Los ingleses desfilaron por la plaza Mayor e izaron la bandera de su país.

LAS MEDIDAS DE LOS INGLESES

• Beresford mantuvo en sus cargos a los funcionarios porteños,
• decretó la libertad de comercio
• y la reducción de aranceles como medidas para ganar el favor de los porteños.
• Ambas órdenes respondían, sin embargo, a ganar las vías comerciales sudamericanas que estaban en manos españolas.

Por otro lado, los ricos comerciantes en Buenos Aires que estaban favorecidos por el sistema del monopolio impuesto en el virreinato, y que se sintieron afectados por las nuevas medidas, reaccionaron y comenzaron a organizar la reconquista.

La Reconquista fue lograda 46 días después de la permanencia británica en la ciudad, que dejó como consecuencia un nuevo actor en la política porteña de entonces: las milicias urbanas, primero formadas por españoles, criollos, así se quiso, pero luego aparecieron todas las castas, negros, pardos, mestizos, y esto le dio otro perfil a la reconquista y, a aquellas jornadas de la historia nacional y de nuestro continente.

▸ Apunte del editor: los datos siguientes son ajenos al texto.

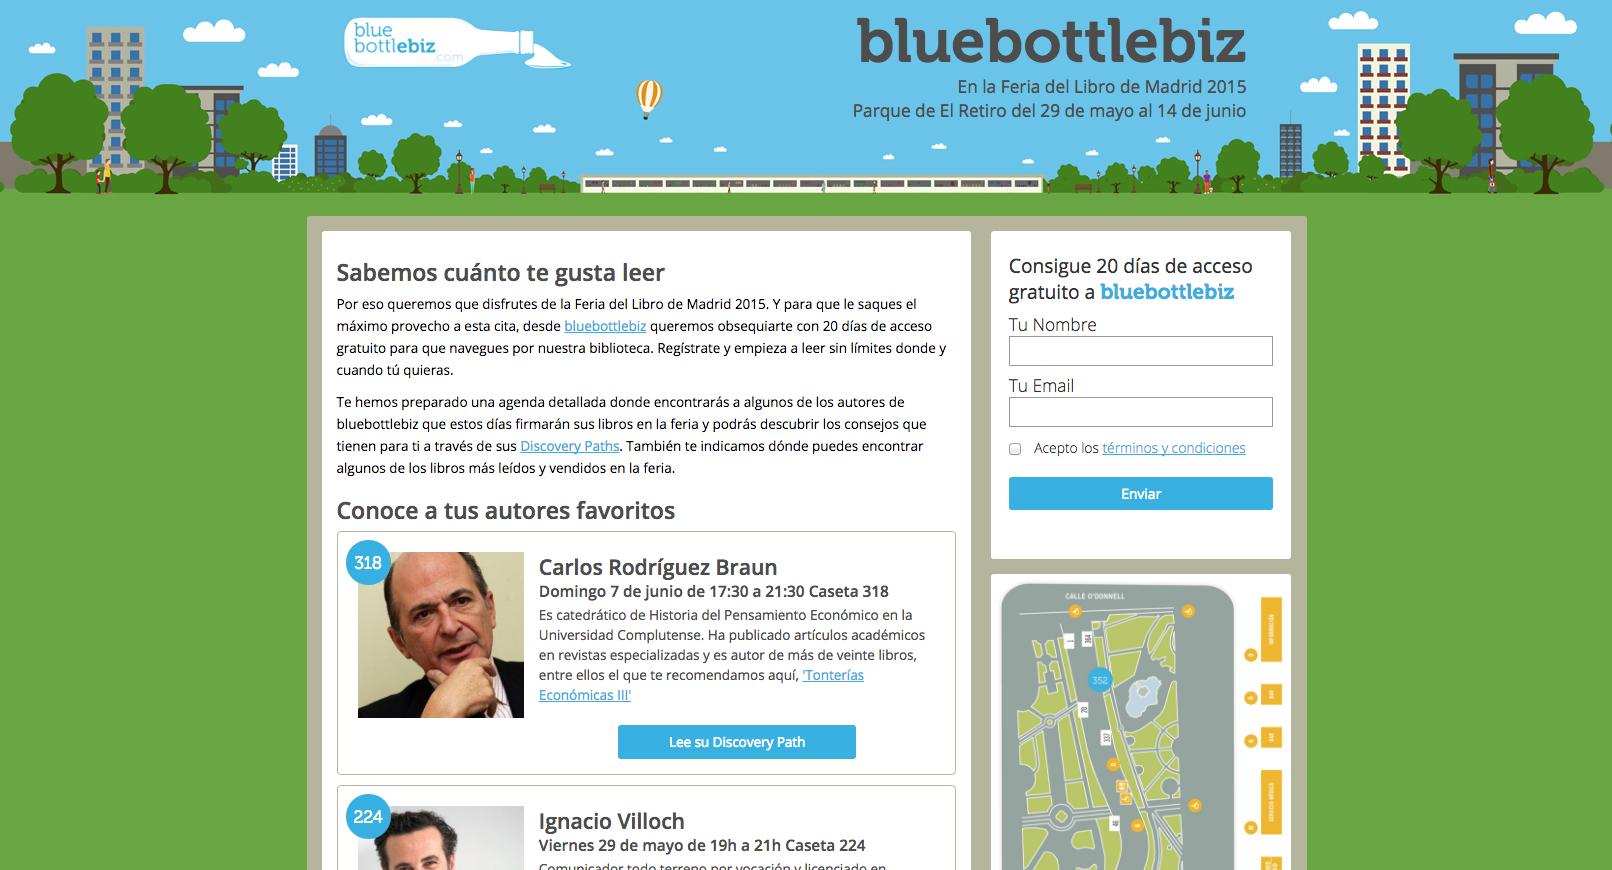 Captura de la landing page de la campaña flm2015 para bluebottlebiz

A partir de 1809, pasó a ser un cuerpo netamente criollo que tendrá una participación muy destacada en las jornadas de mayo del año siguiente, pero esto fueron los criollos, las otras milicias fueron disueltas.

FUENTES: varias y propias.

Primera versión publicada el 4 de julio del 2010. Corregida, actualizada y ampliada.